Ignoring every picture, transcribe the data in full as it stands.

Data -
- - - - -

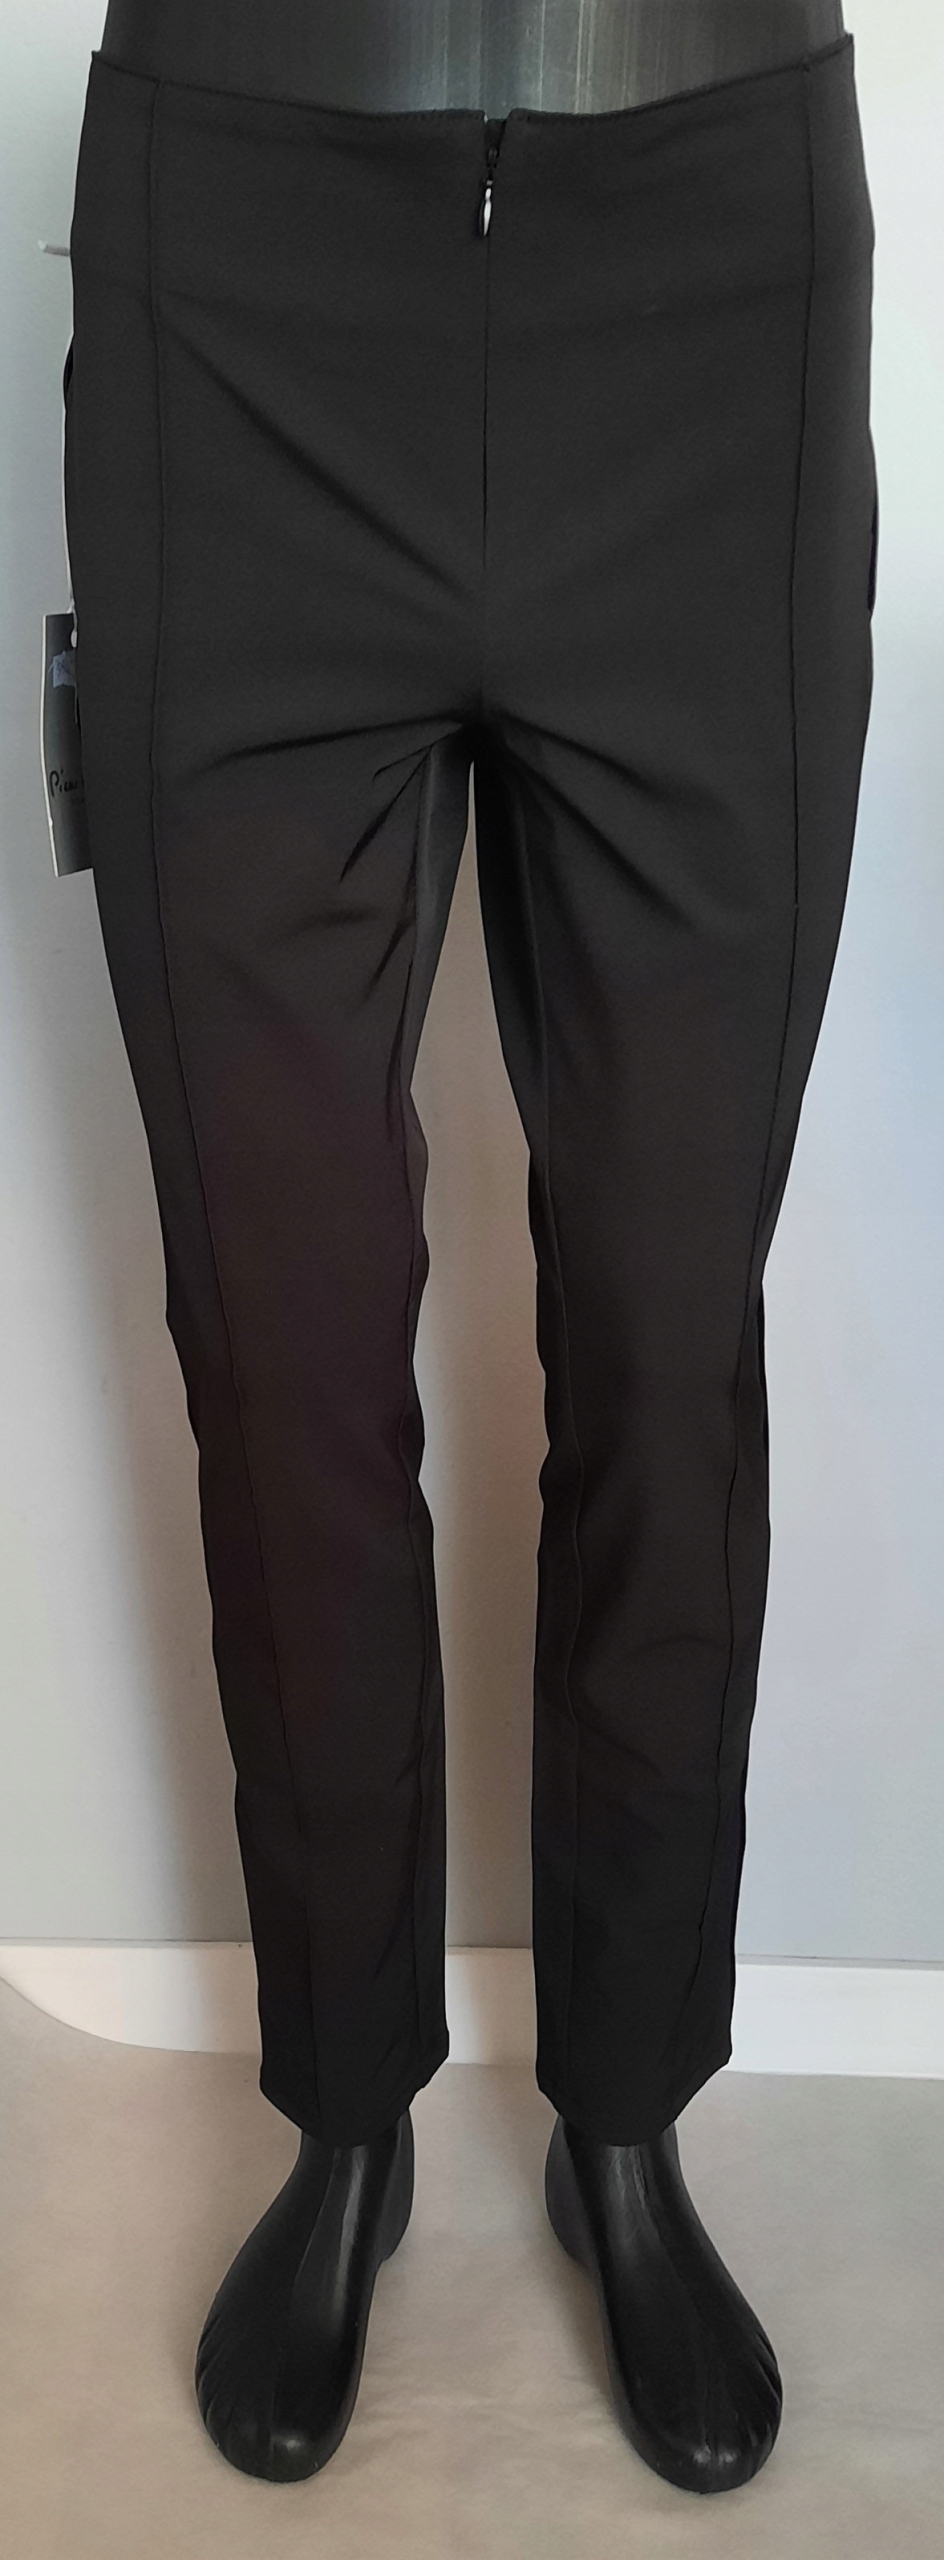 Spodnie damskie czarne Pierre Cardin r. W31 L32 12178787494 - Allegro.pl
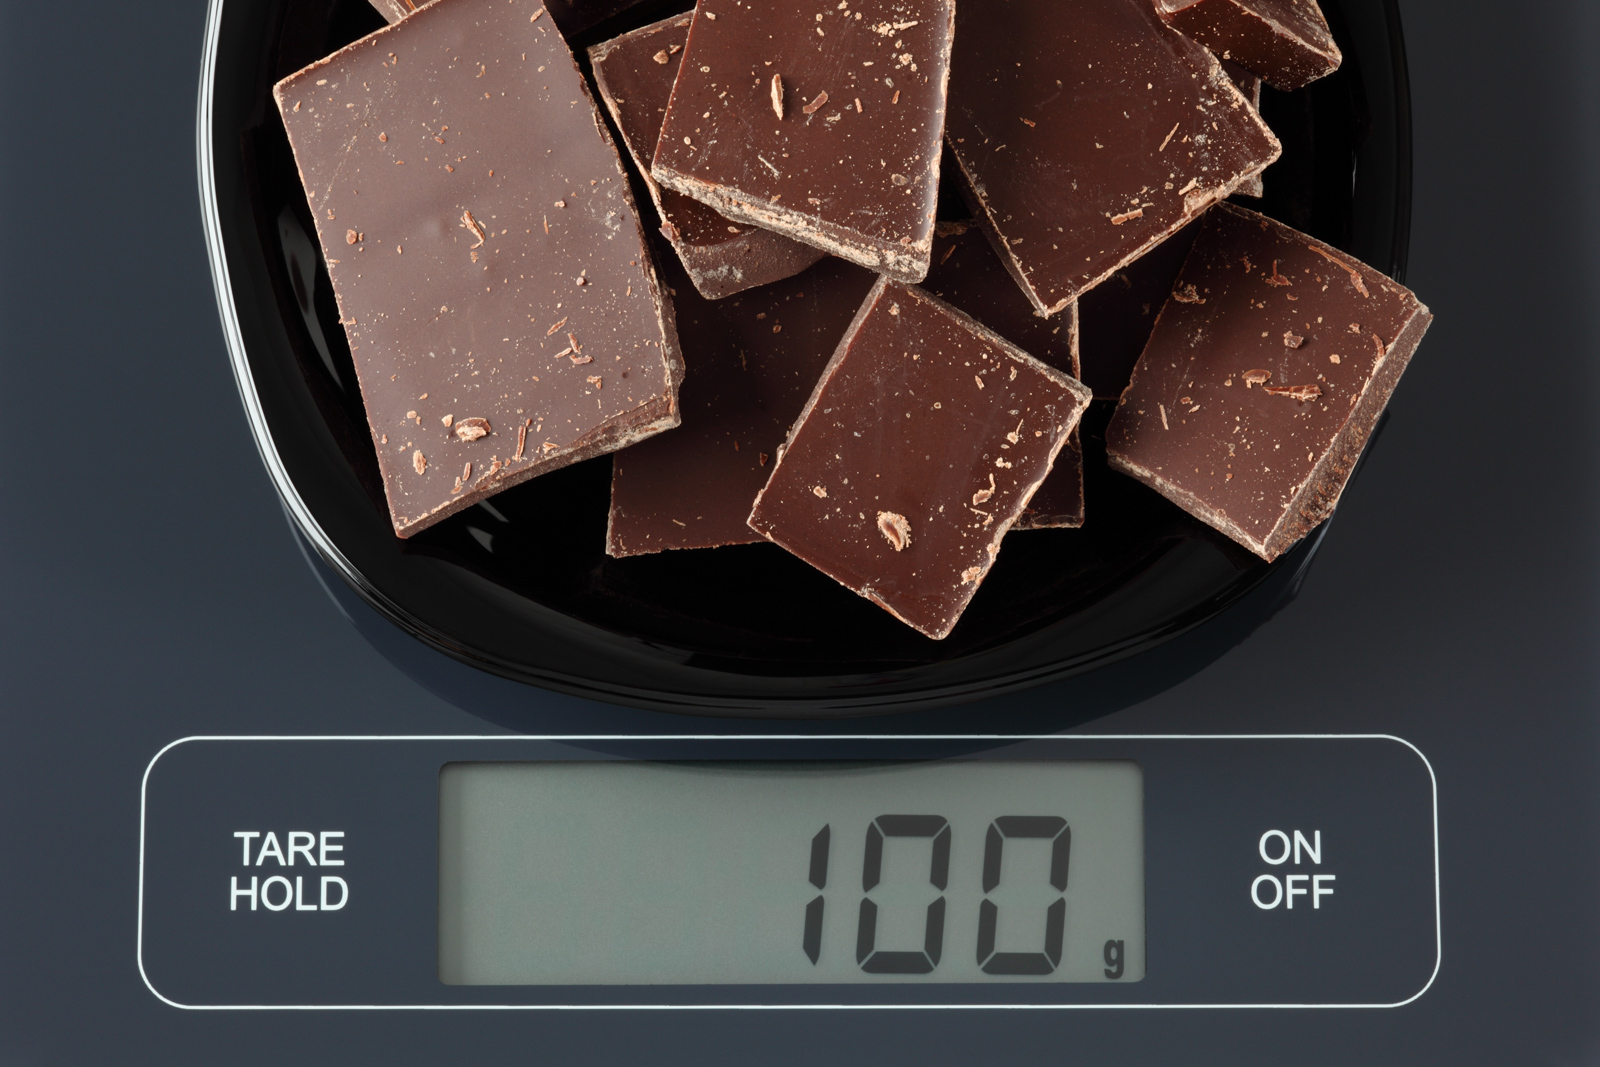 100 грамм шоколада
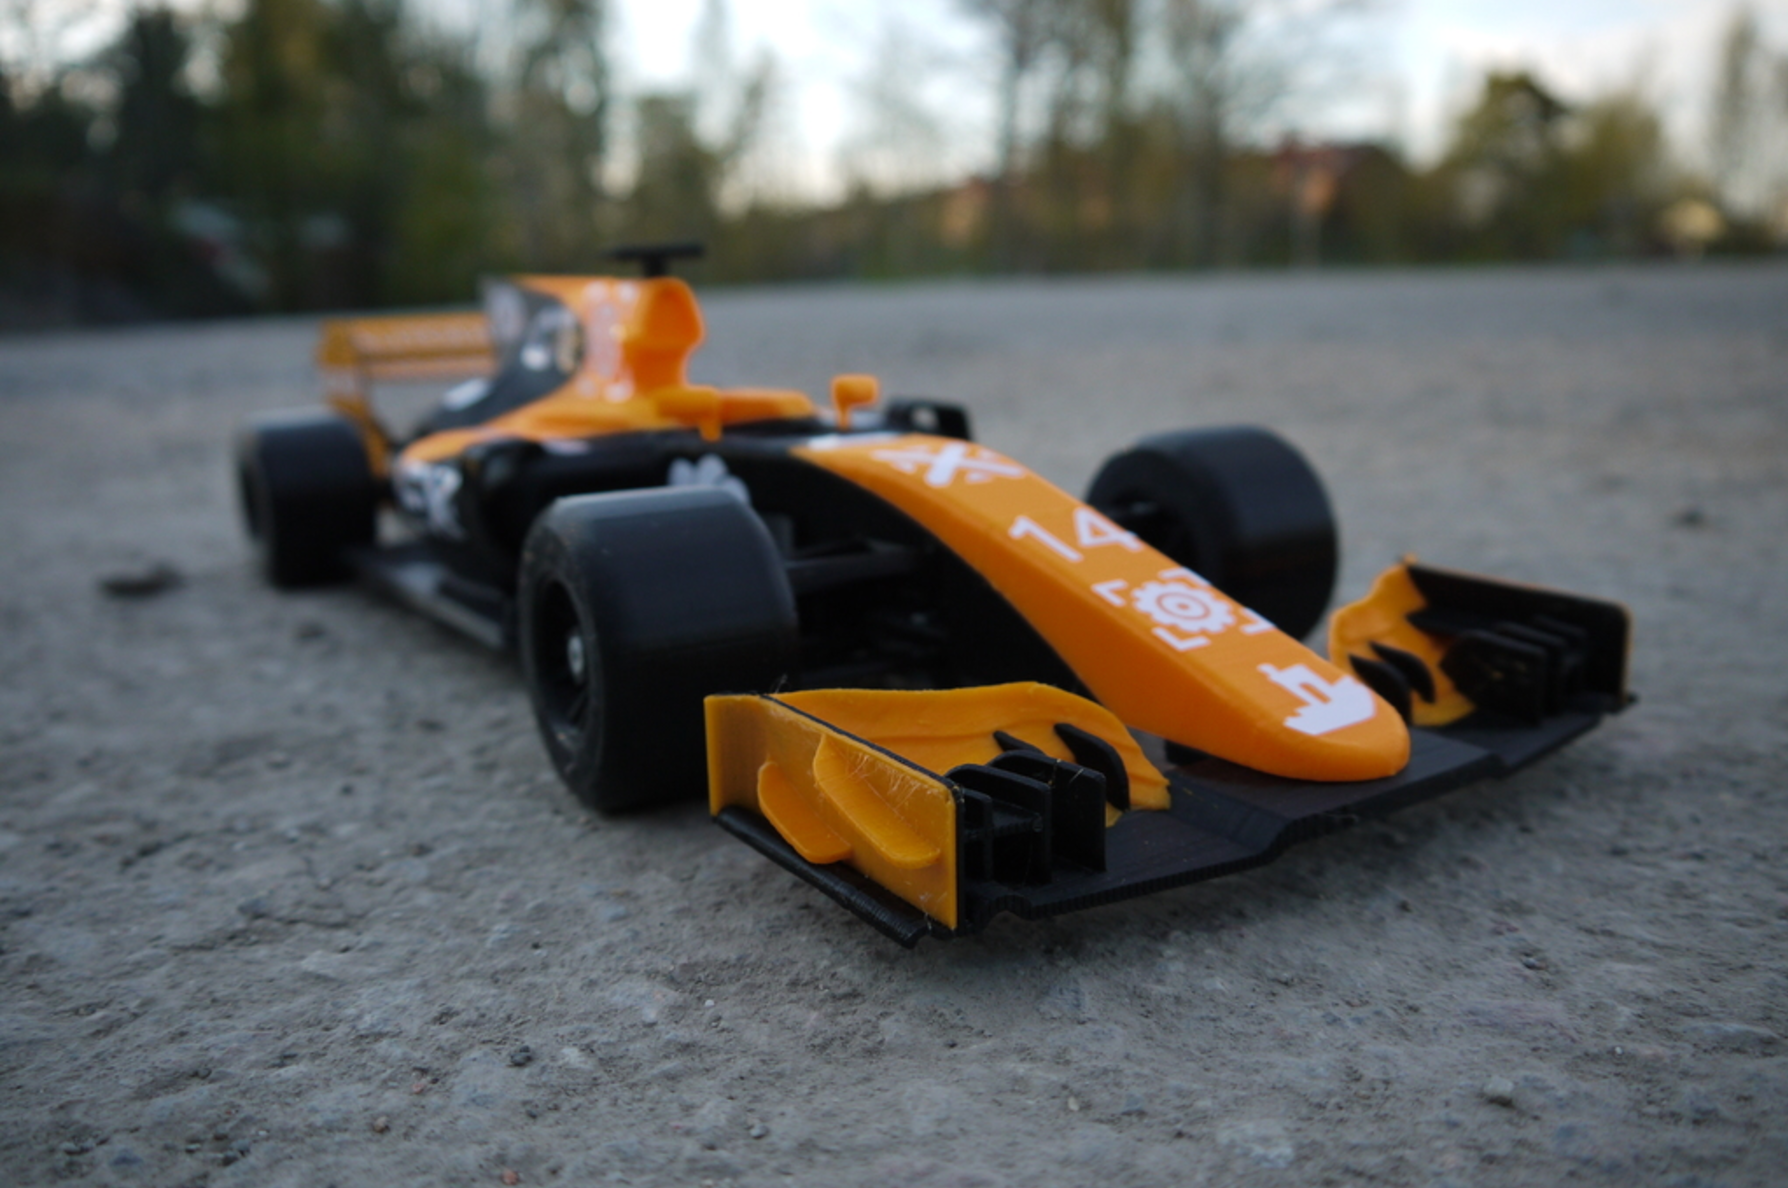 OpenRC F1 Dual Color McLaren Edition 3D Printing Free STL file Cults11.png Télécharger fichier STL gratuit OpenRC F1 Edition double couleur McLaren • Plan imprimable en 3D, DanielNoree
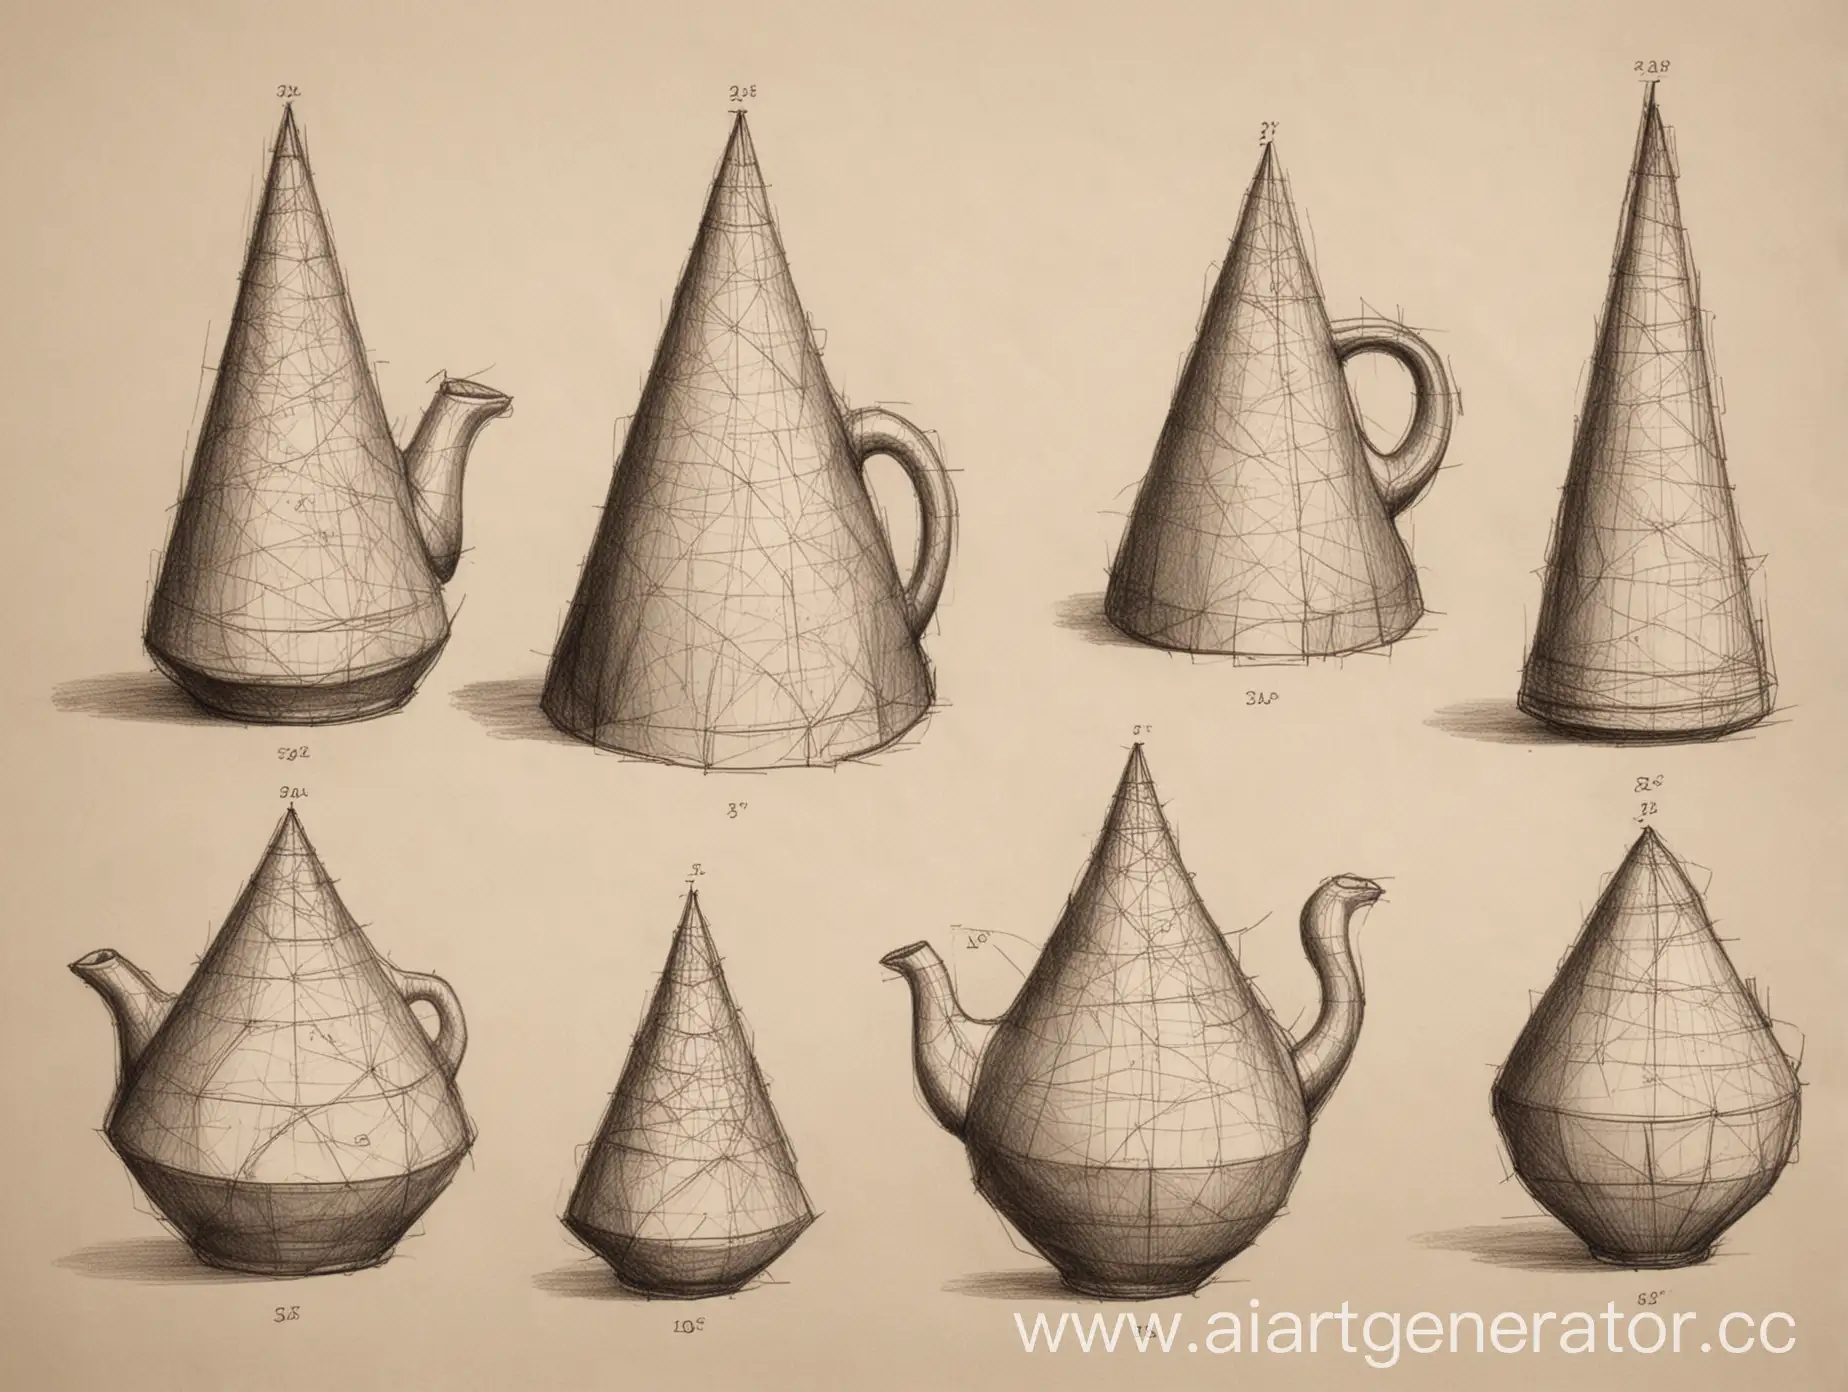 Нарисовать академический рисунок на основе формы конуса, конусов (различных диаметров и высот) выполнить - разработать новую форму чайника - который может быть не совсем пригоден для кипячения воды, но идея- является основой. Рисунок выполняется в объеме со штриховкой.

- - - - -

Exercise response -
 Spodnie damskie czarne Pierre Cardin r. W31 L32 12178787494 - Allegro.pl
 100 грамм шоколада
 OpenRC F1 Dual Color McLaren Edition 3D Printing Free STL file Cults11.png Télécharger fichier STL gratuit OpenRC F1 Edition double couleur McLaren • Plan imprimable en 3D, DanielNoree
 Нарисовать академический рисунок на основе формы конуса, конусов (различных диаметров и высот) выполнить - разработать новую форму чайника - который может быть не совсем пригоден для кипячения воды, но идея- является основой. Рисунок выполняется в объеме со штриховкой.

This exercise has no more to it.